Beim ersten Sommerkonzert im Frühjahr ’90 in der Klosterkirche Neuruppin stach den Gästen nicht nur der ruinöse Zustand der Gebäude ins Auge, sondern auch die grausige Gastronomie. Die Städter gewannen deshalb Kirchgemeinden und Frauenzirkel vor Ort, die für eine reiche Kuchentafel sorgten. Der Erlös kam auch den Baudenkmälern zugute. Alle Konzerte wurden konsequent privat finanziert, ohne den Staat.
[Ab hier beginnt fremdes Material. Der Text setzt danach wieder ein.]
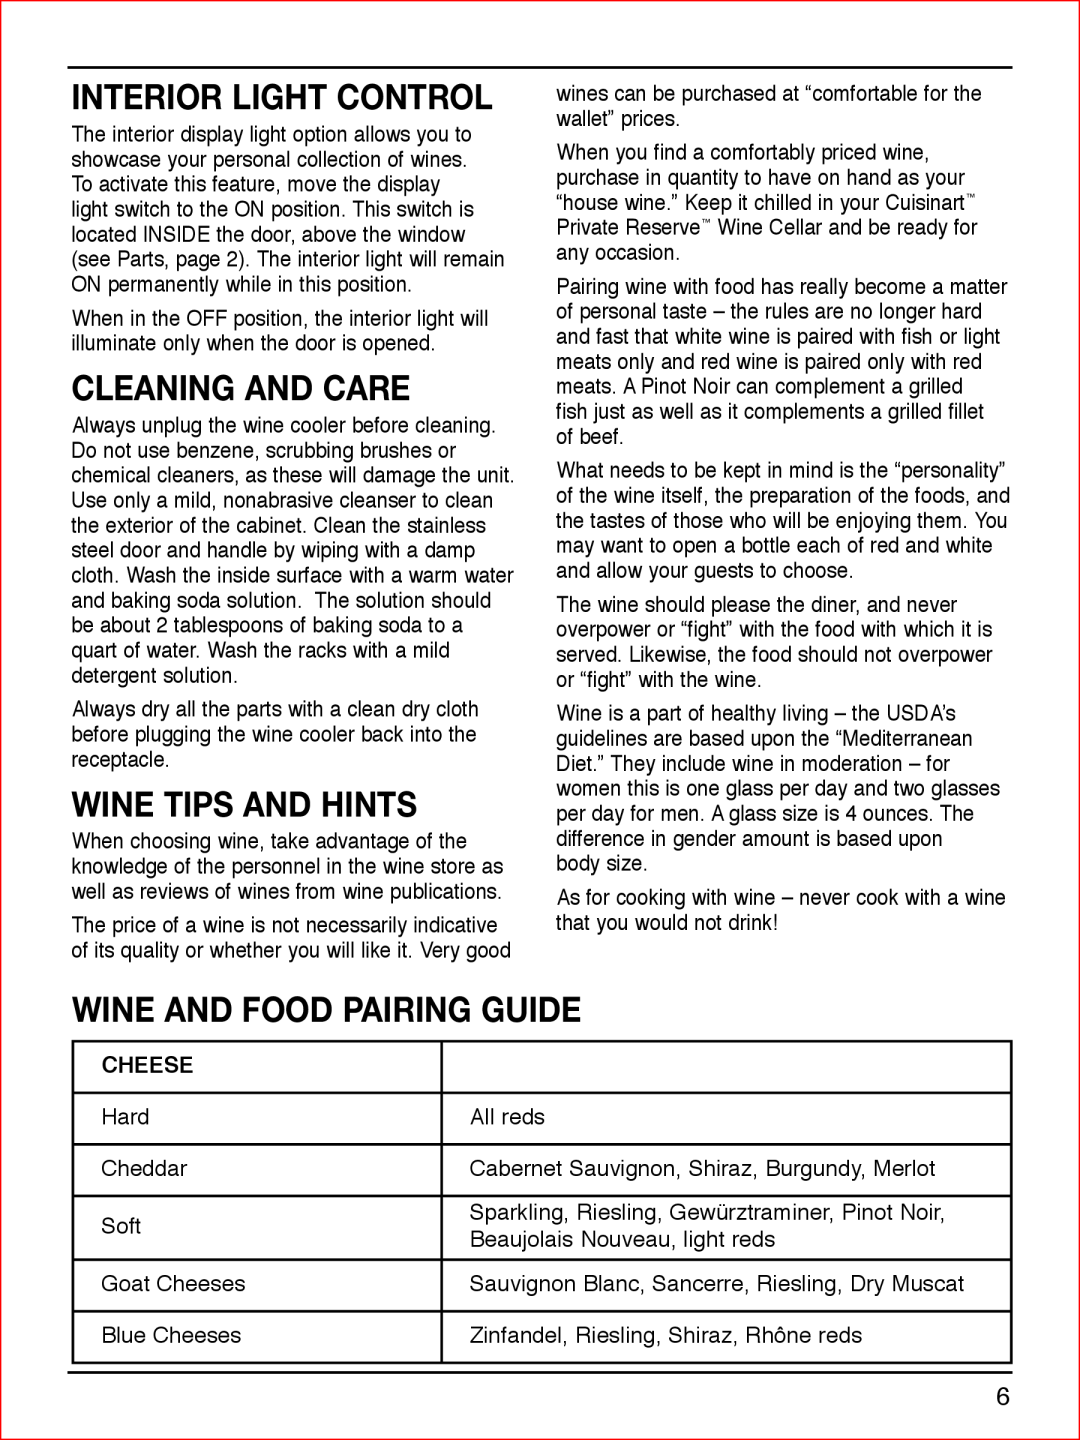 Cuisinart CWC-900 Interior Light Control, Cleaning And Care, Wine Tips And Hints, Wine And Food Pairing Guide, Cheese

Mit seinen schicken Autos legte Martin auf den schlechten Straßen tausende Kilometer zurück. „Wir konnten nicht telefonieren, Internet gab es noch nicht. Wir mussten viel rausfahren“, erzählt er. 1990 war er einer der ersten, der sich einen „Handy-Koffer“ anschaffte, der aber noch keine verlässlichen Dienste leistete. Und so passierte es auch, dass er einmal im falschen Wolfshagen landete. Nicht in dem Wolfshagen, wo er mit Manfred Stolpe verabredet war.

Werner Martin/Manfred Stolpe: Geh aus mein Herz...       25 Jahre Brandenburgische Sommerkonzerte. Nicolai, 320 Seiten, 29,95 Euro.